Work instructions: Note on the material below: return exactly the lines from the line that holds "Nike SB Genuine" through the line that holds "Deluxe Clown Shoes", and leave out each picture.
[Data for review — start]
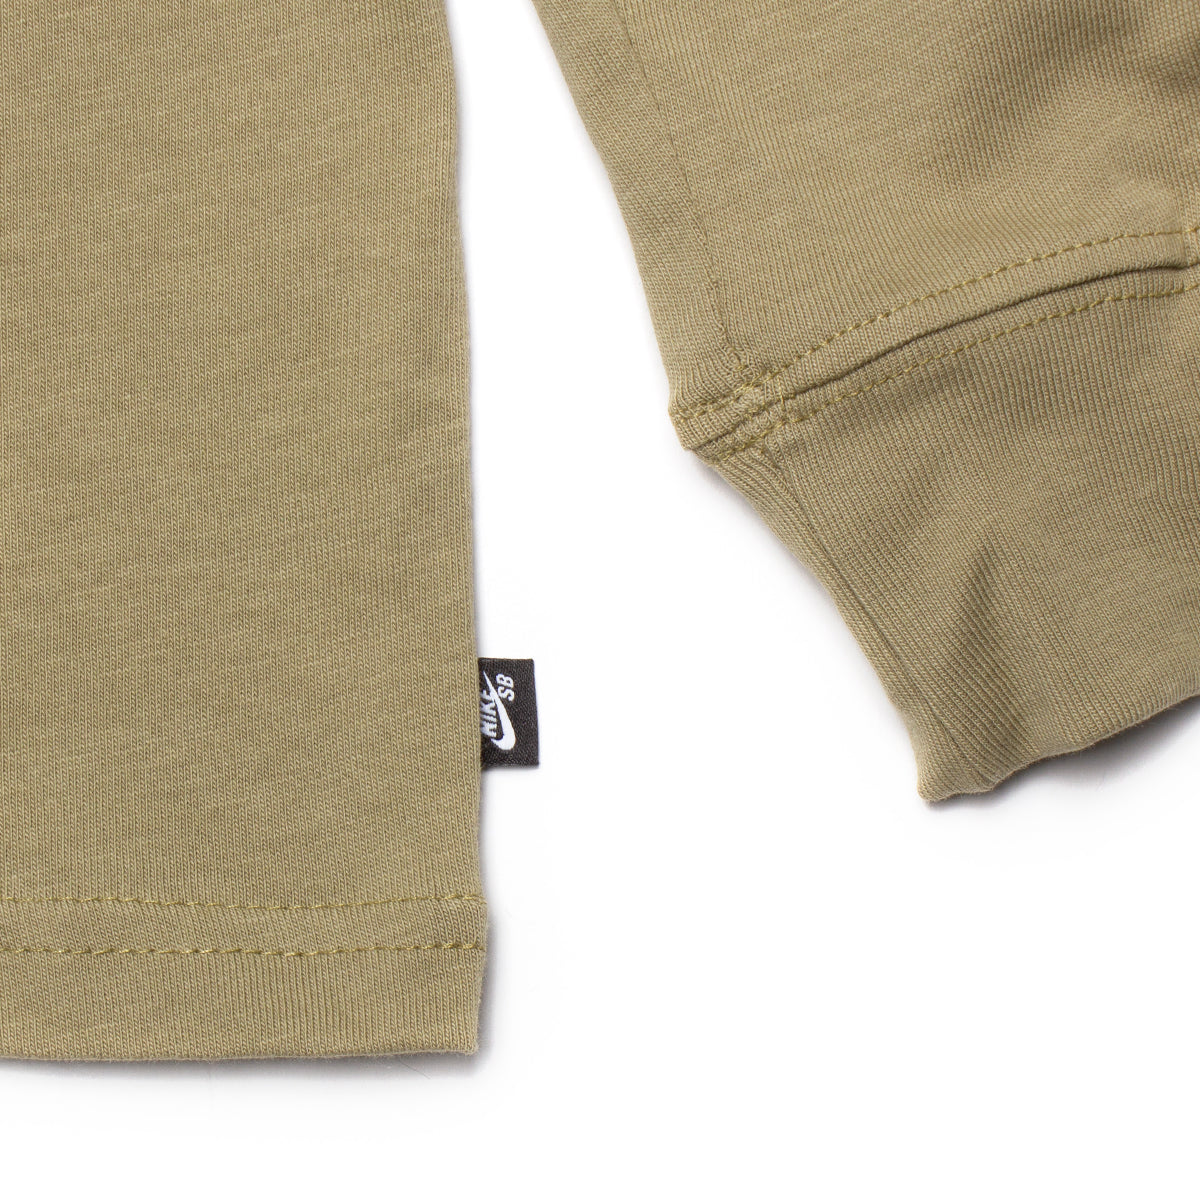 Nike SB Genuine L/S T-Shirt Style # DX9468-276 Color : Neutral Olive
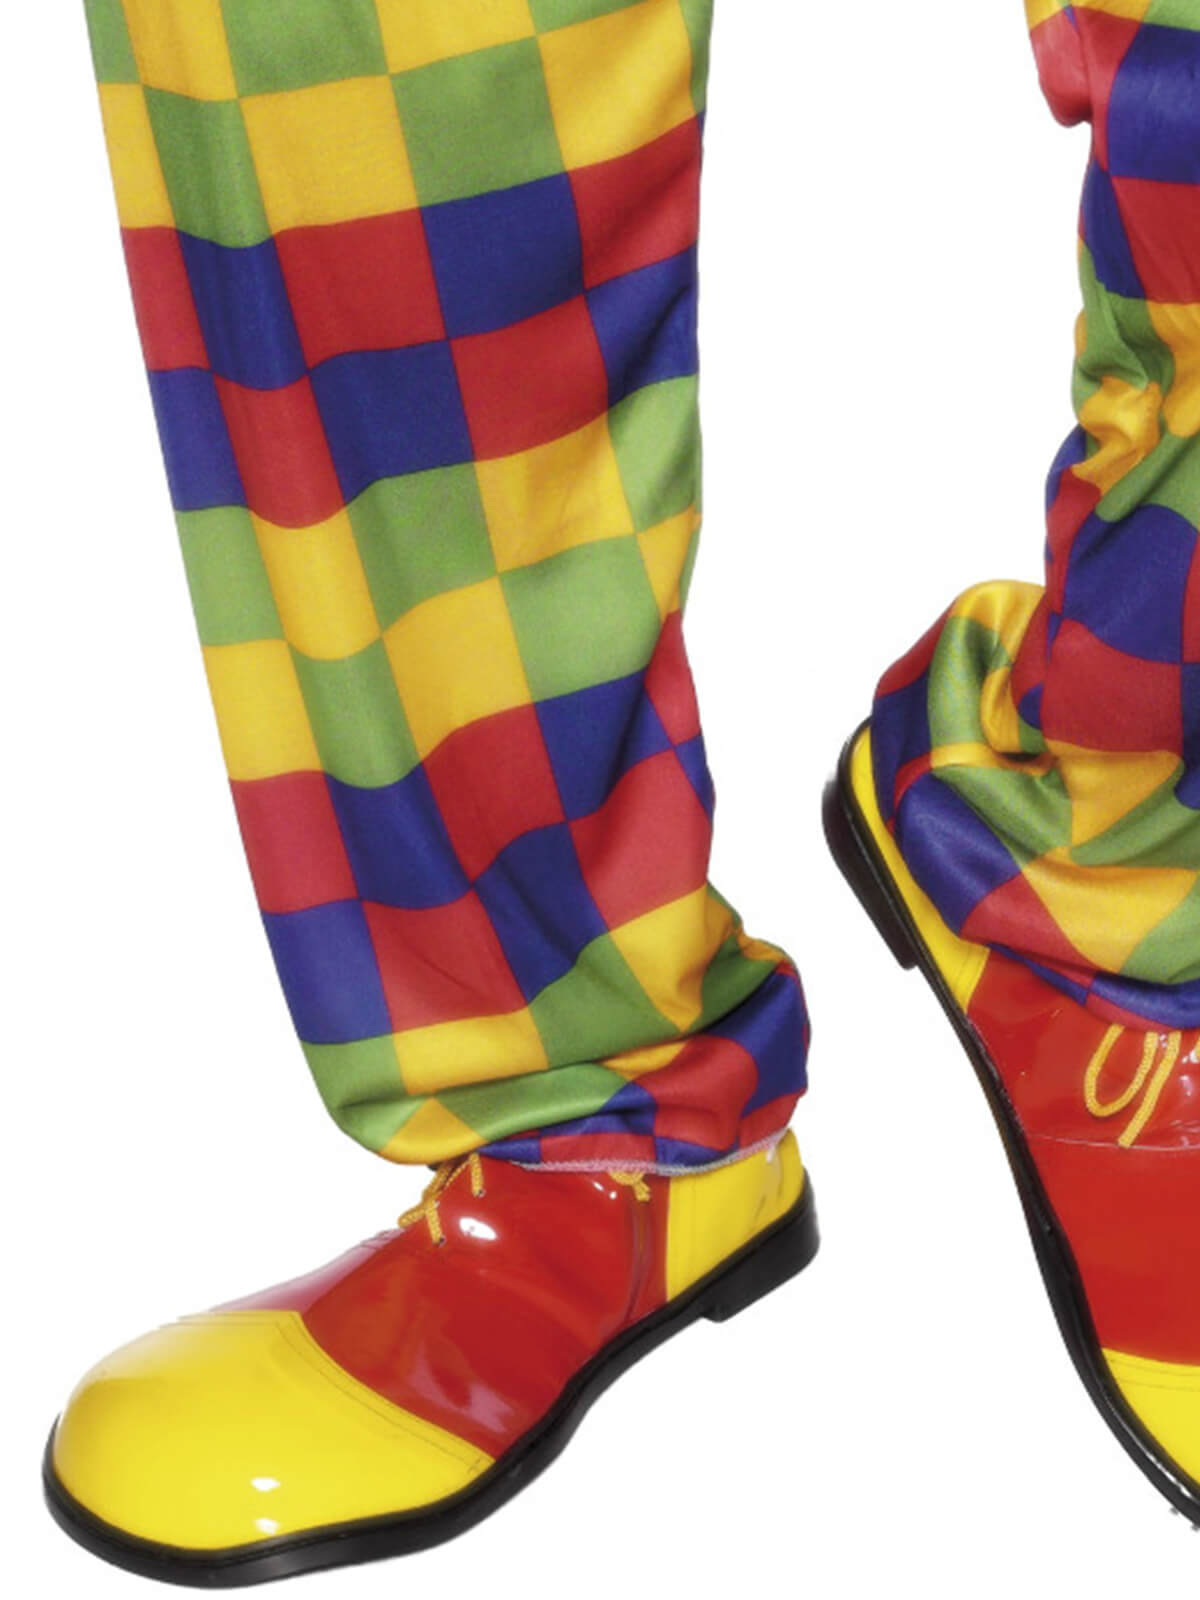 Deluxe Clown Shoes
[Data for review — finish]
[Data for review — start]
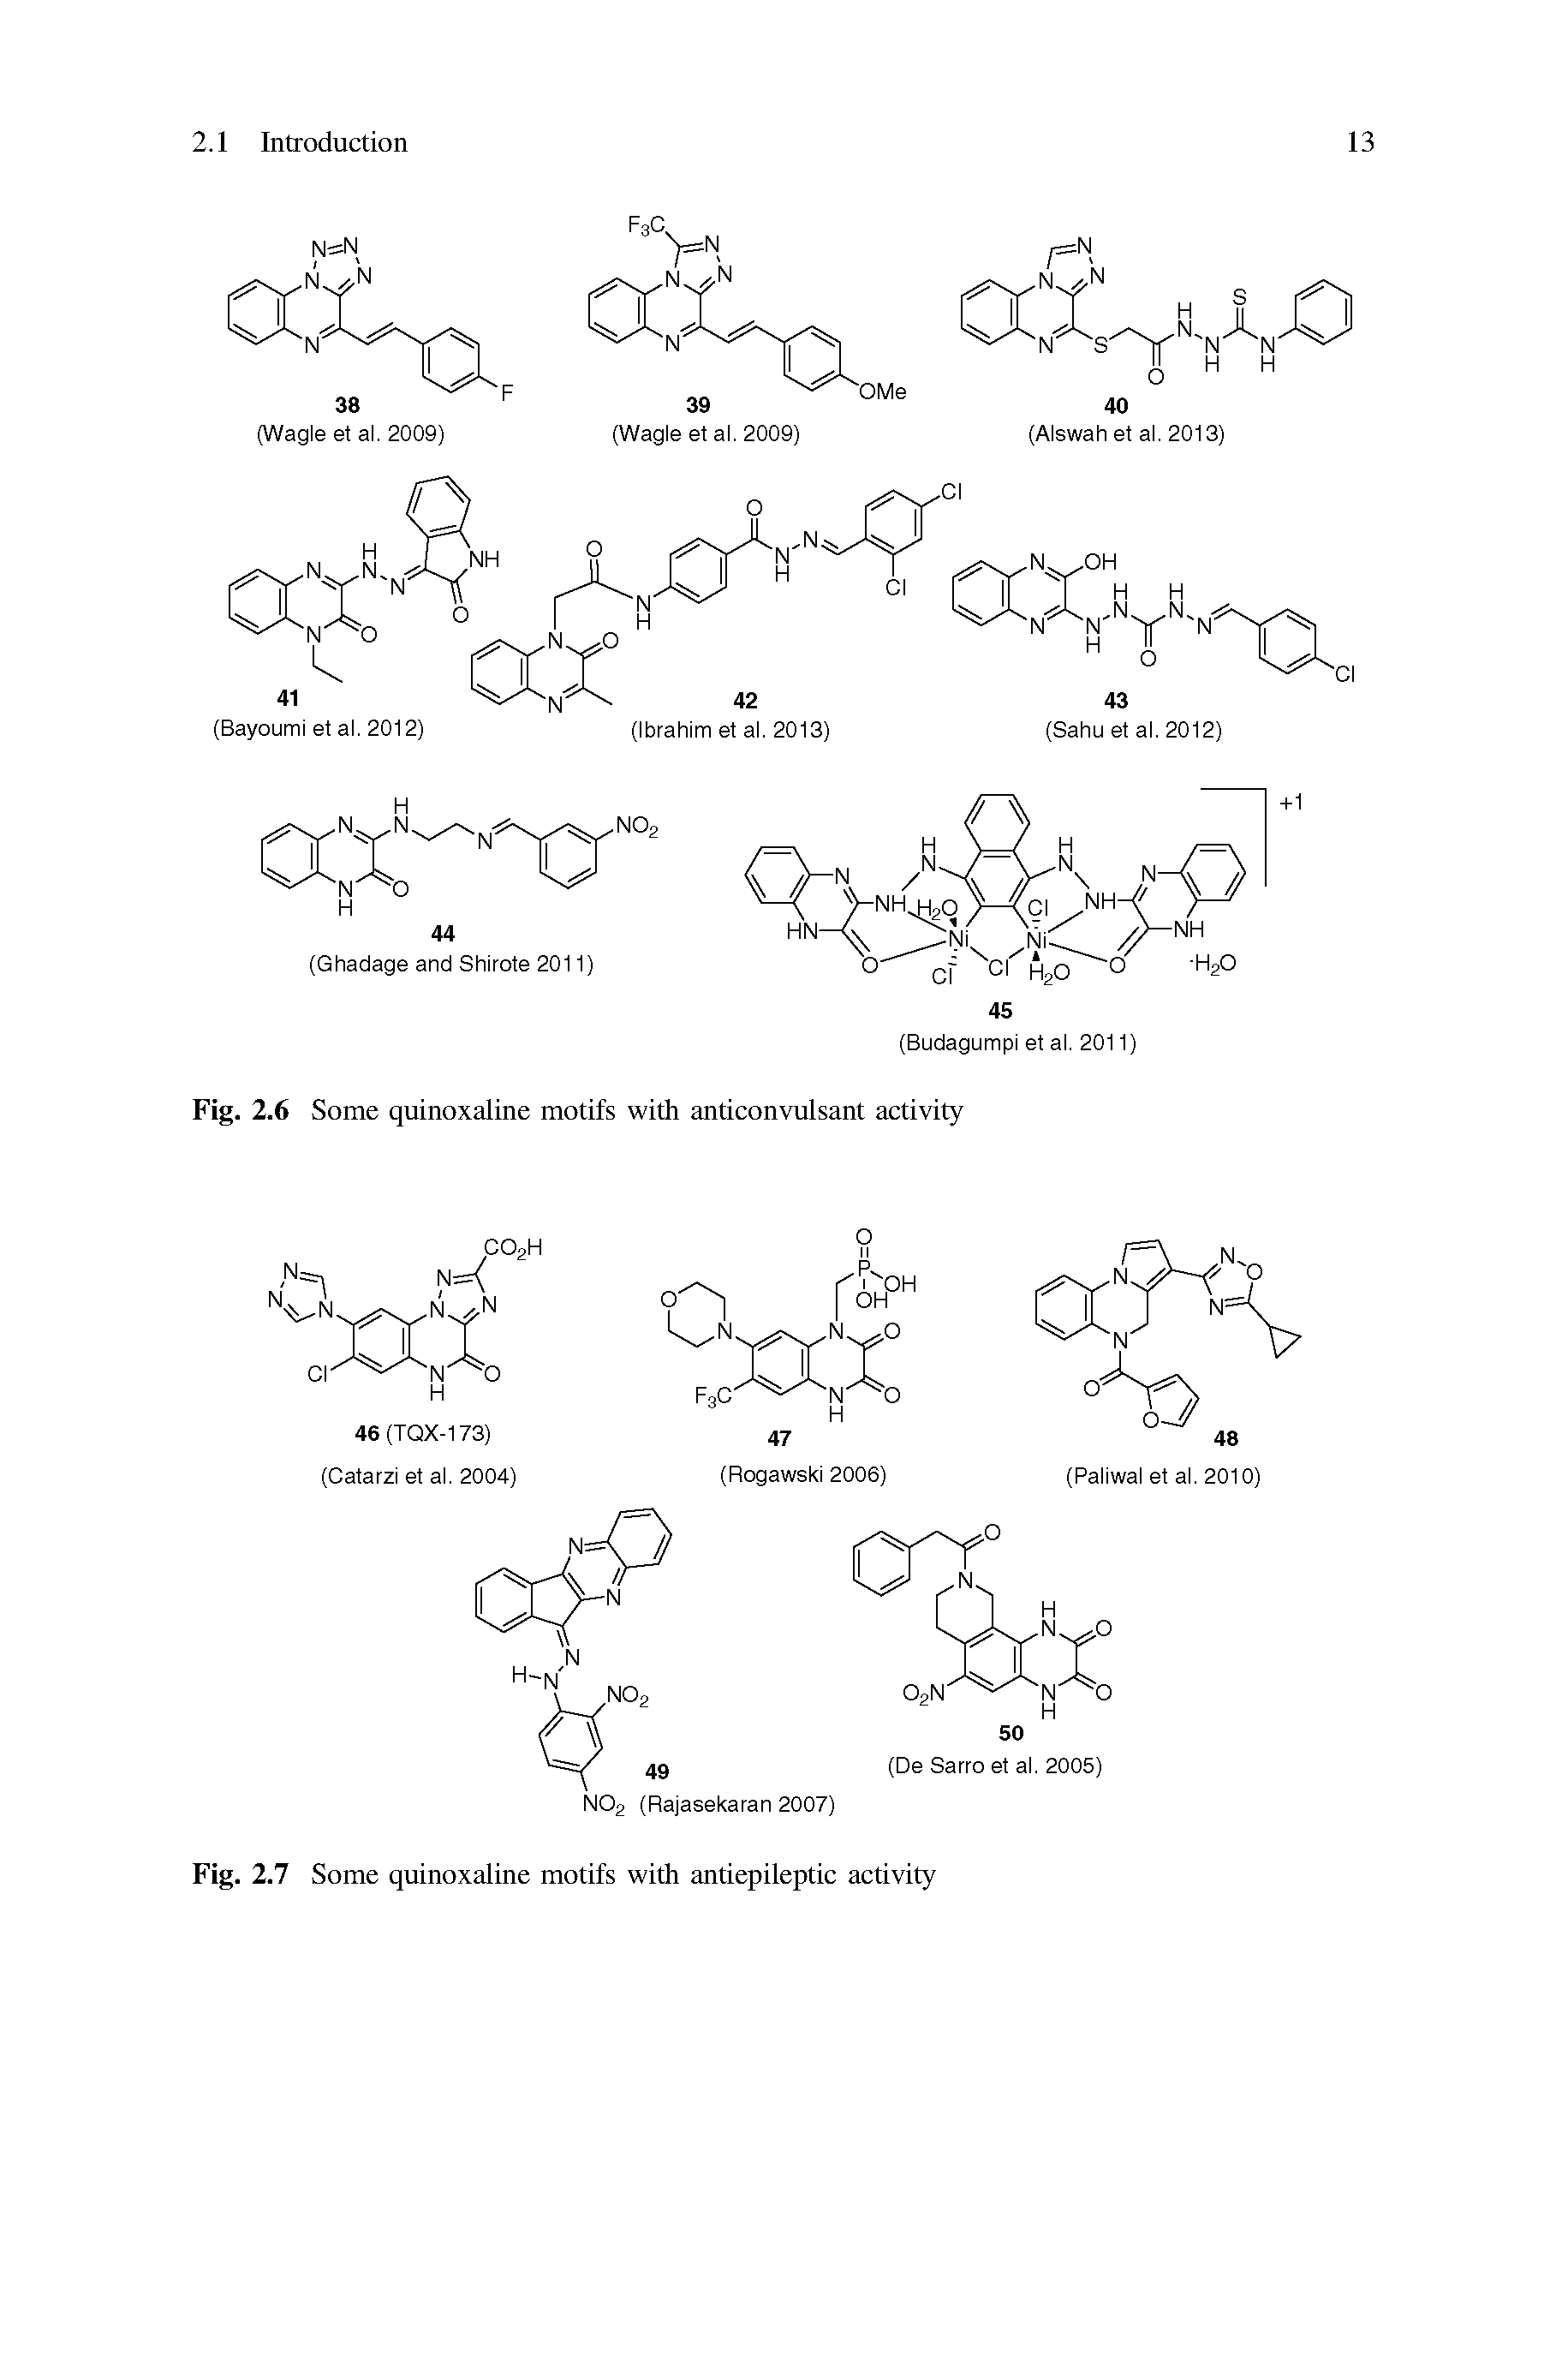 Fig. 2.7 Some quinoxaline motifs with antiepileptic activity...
[Data for review — finish]
[Data for review — start]
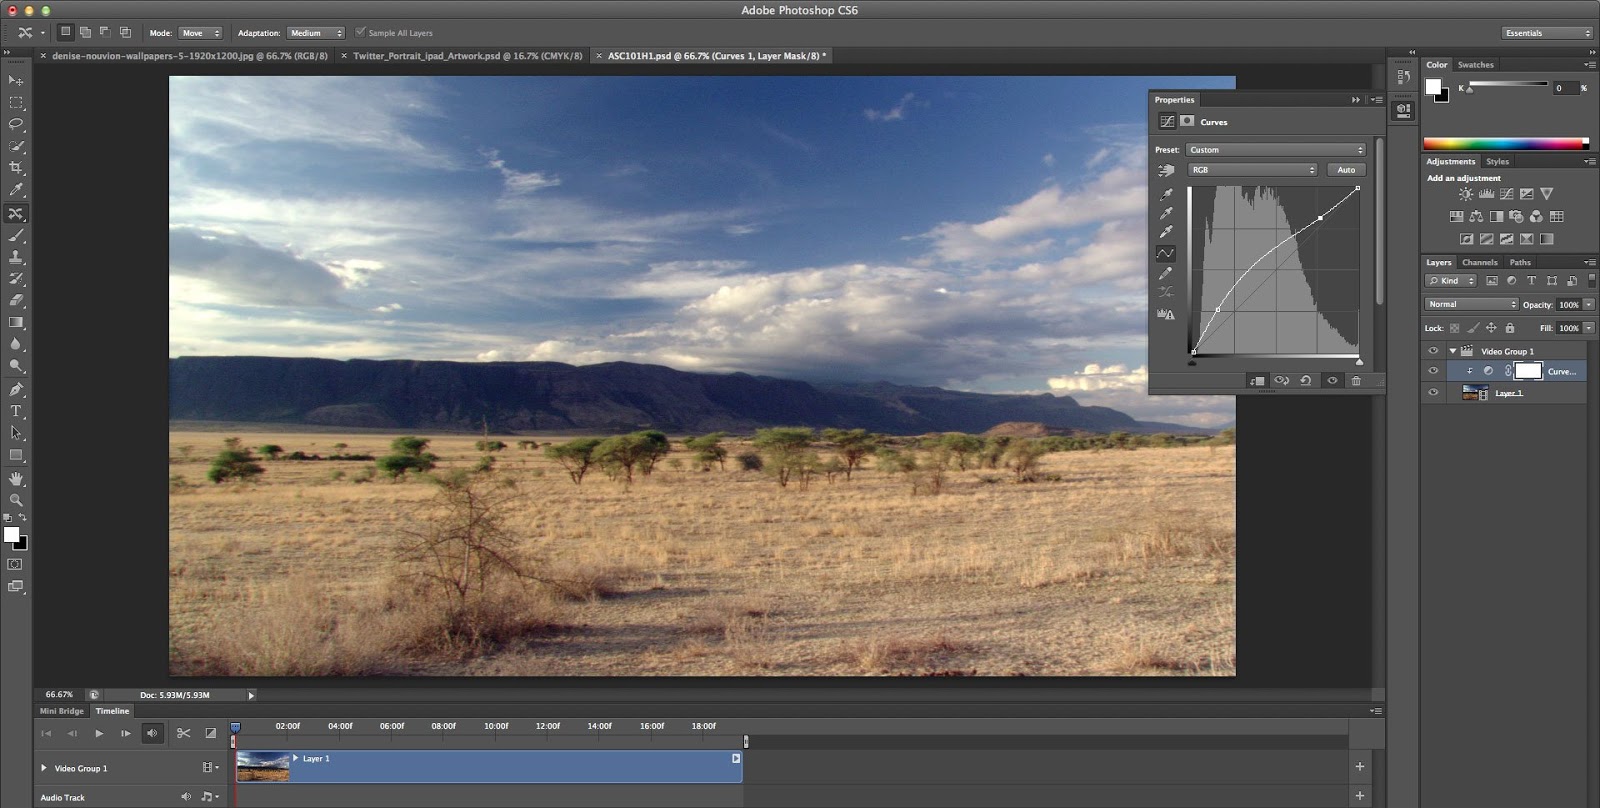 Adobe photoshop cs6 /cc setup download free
[Data for review — finish]
Response:
 Nike SB Genuine L/S T-Shirt Style # DX9468-276 Color : Neutral Olive
 Deluxe Clown Shoes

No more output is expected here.